The fight was broken up, but then suddenly with no warning at all, the chaos began in earnest…the scene before us unfolds.

A man in a grey t-shirt steals some grain and begins to run. The crowd is livid and quickly follows him. The rush of stomping bare feet and loud cried. A stampede of souls too angry to think rationally. They dash past us and we are caught up in the dust they leave behind.
“It is better if you are not here,” Joyce tells me, “There will be much fighting. Go.”
And so we go.

We walk back down the road toward the clinic, our backs turned on TWFP trucks and the hungry mass before them. Glancing back, I see the driver of the truck hunched over in the cab, doors locked and cell phone pressed urgently to his ear. The soldiers are being called to come.

A woman a few paces in front of us begins to wail. The shrill notes and shrieking that I have only before heard at village funerals. Blood curdling screams and hands waving in the air. A man stands, picking himself up from the dust. She is holding his arm, and I catch my breath. This is what comes from “relief.”

The man was a relative of the person who bit the fingers of the woman. In the rush after the thief, her relative, angered and bent on revenge, spotted this man and hit him on the head with a club. He hit his twice. Two gashes that happened to meet at one end. A “V” for Vendetta.

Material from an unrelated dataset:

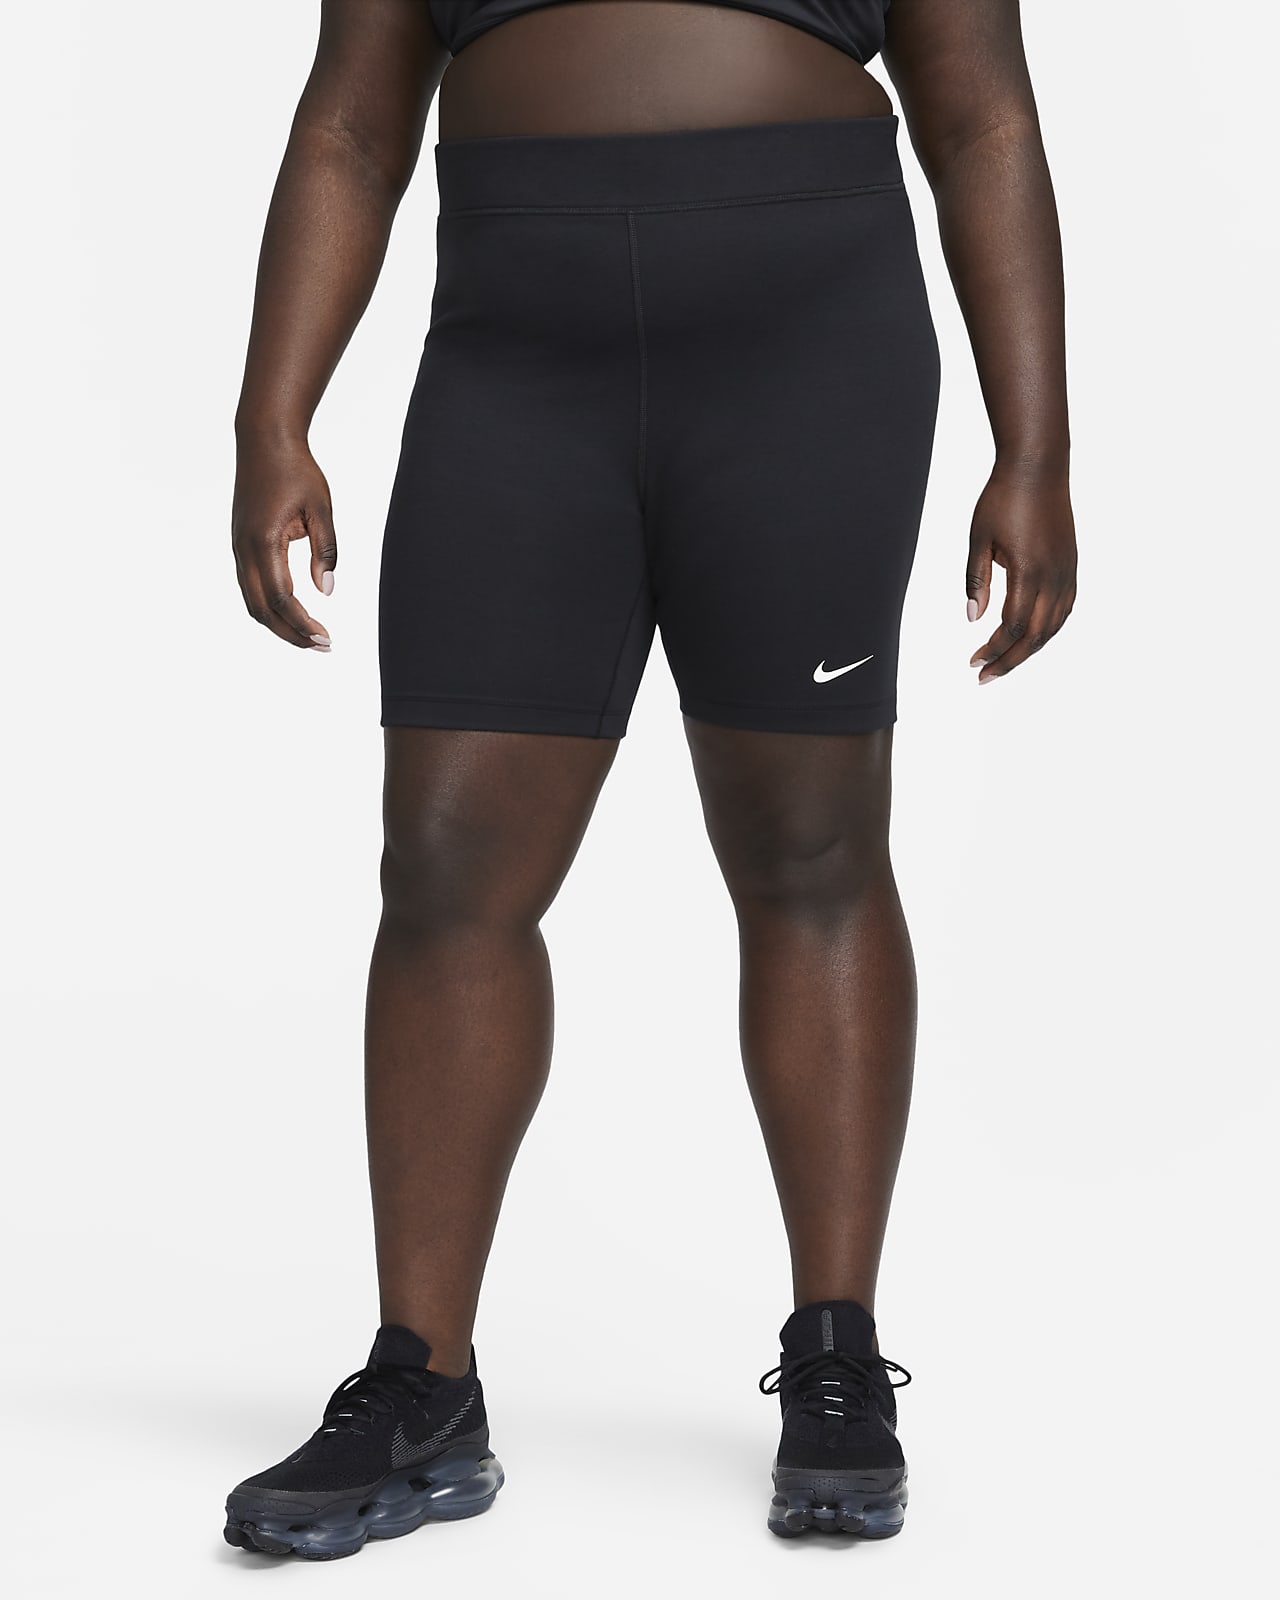 Calções tipo ciclista de cintura subida de 20 cm Nike Sportswear Classic para mulher (tamanhos grandes)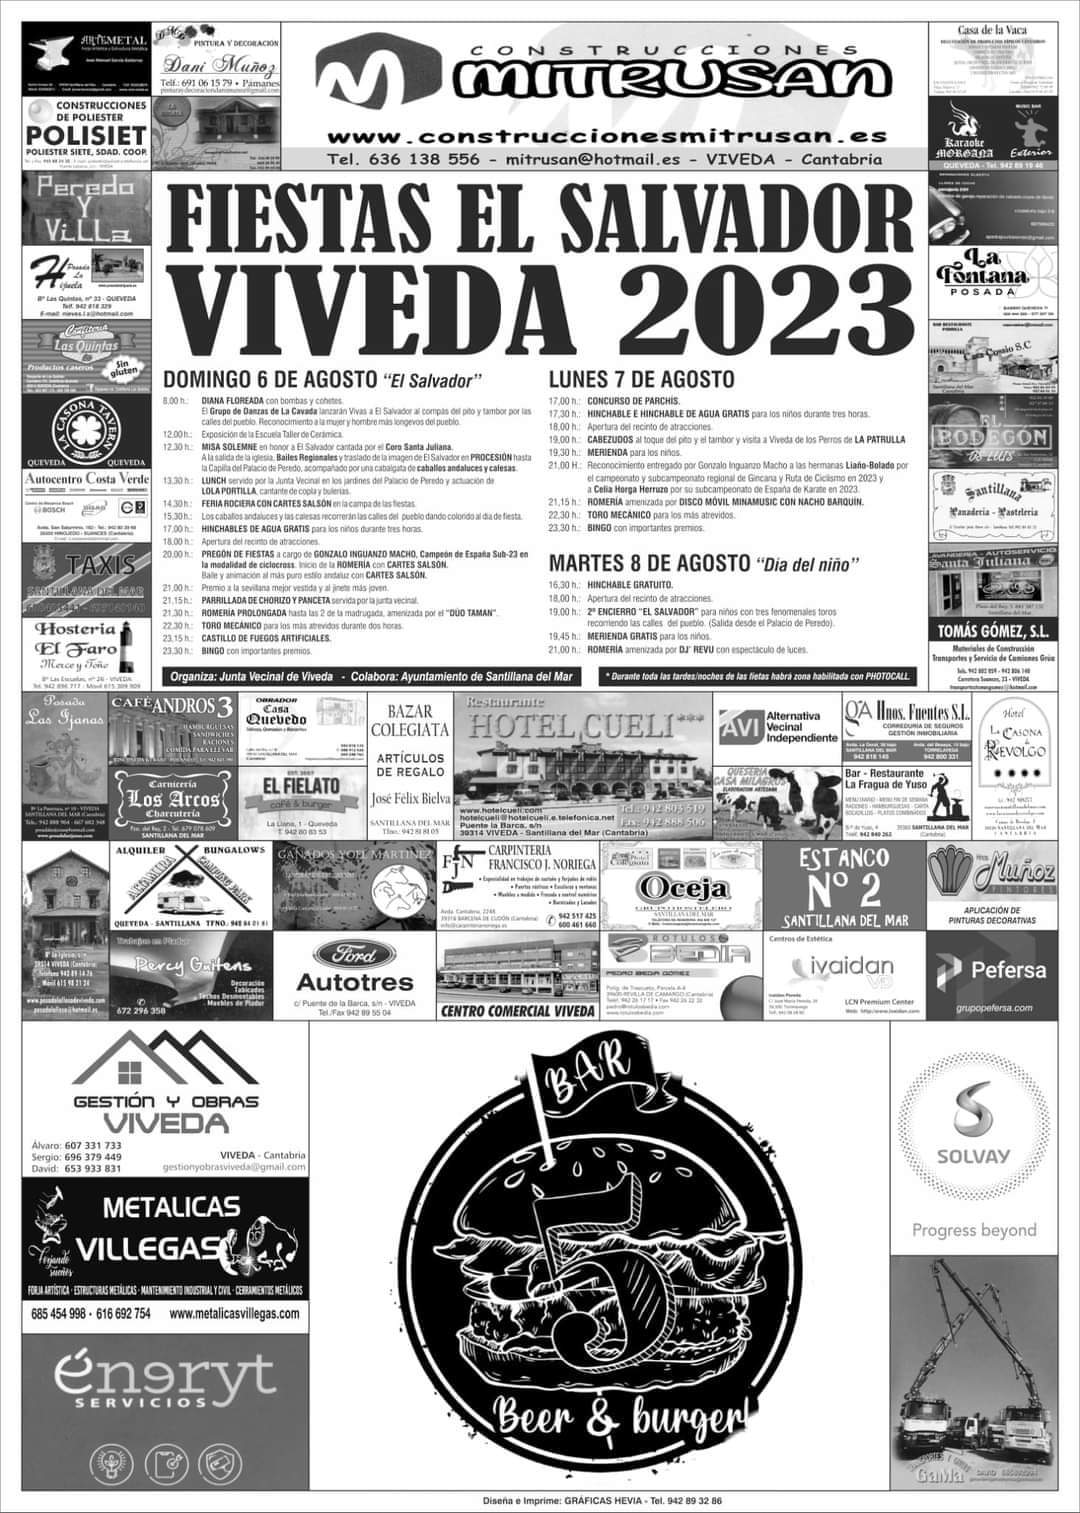 Fiestas El Salvador Viveda 2023

Blood poured forth from the wounds, covering half his face in a thick stream of red. War paint for one who hadn’t been fighting. His shirt was already soaking, and his screaming wife removed it and gave it to her young son who was following close behind, crying loudly at the sight of his father’s face. Dark rivults and wide channels of red already streamed down the man’s chest and his trousers were speckled like all the Jackson Polluck paintings I saw while in Europe.
We urged him to go to the clinic and together we walked that direction.
But as soon as the man arrived at the clinic, he left.

“Why is he leaving?” I asked
“Because if he gets cleaned up before her goes to the police they will not believe him. He must file a report first. Then we can help him.”
“And where is the nearest police station?”
“Namalu. He says he will borrow a bicycle. But he will still not make it all the way to Namalu.”
We all knew that the adrenaline required to pump the pedals of a bike would only make his heart beat faster and more blood leave the wounds on his head. Already his pace was slowing…
Leaving the clinic, we met with Lokwii on the road once more,
“the army has been sent for,” he said.
We nodded.

And so they came. But the chaos of relief was only prolonged when TWFP realized that they did not have enough food too feed all the people gathered. “Tomorrow,” they told the Karimojong, “Tomorrow we will give you food.” And while the trucks returned to town for more supplies, men were posted to guard the 30,000 kilos of maize already piled in the field. We were all certain that the food would be completely gone before daylight dawned. Raided in the middle of the night. But rain poured incessantly all night long and the maize was still there the next morning when TWFP returned with 16,000 pounds of more relief. Ewogua.

Again all of our workers were gone, and the Wrights invited us over for tea and we sat on their blue roof, watching the chaos from a distance. Binoculars and zoomed camera lenses pressed to our squinting eyes. The air was full of humidity form the rain and the roads and paths were filled with the quick steps of nervous people.

We watched. We watched both the “helping” and the hurt.

The food was distributed. Ambushes were set up everywhere. When relief comes, it is more difficult to transport your relief home than it is to actually receive it from TWFP. They say five people were shot in the process but only one woman died; the others escaped. They also say that the soldiers were selling sacks to anyone who had enough money. Even those who had no need of food. They say the bloodied man collapsed three times on his way to Namalu. He managed to file a complaint with the police, but he never returned to the clinic
.
This is what happens when helping hurts.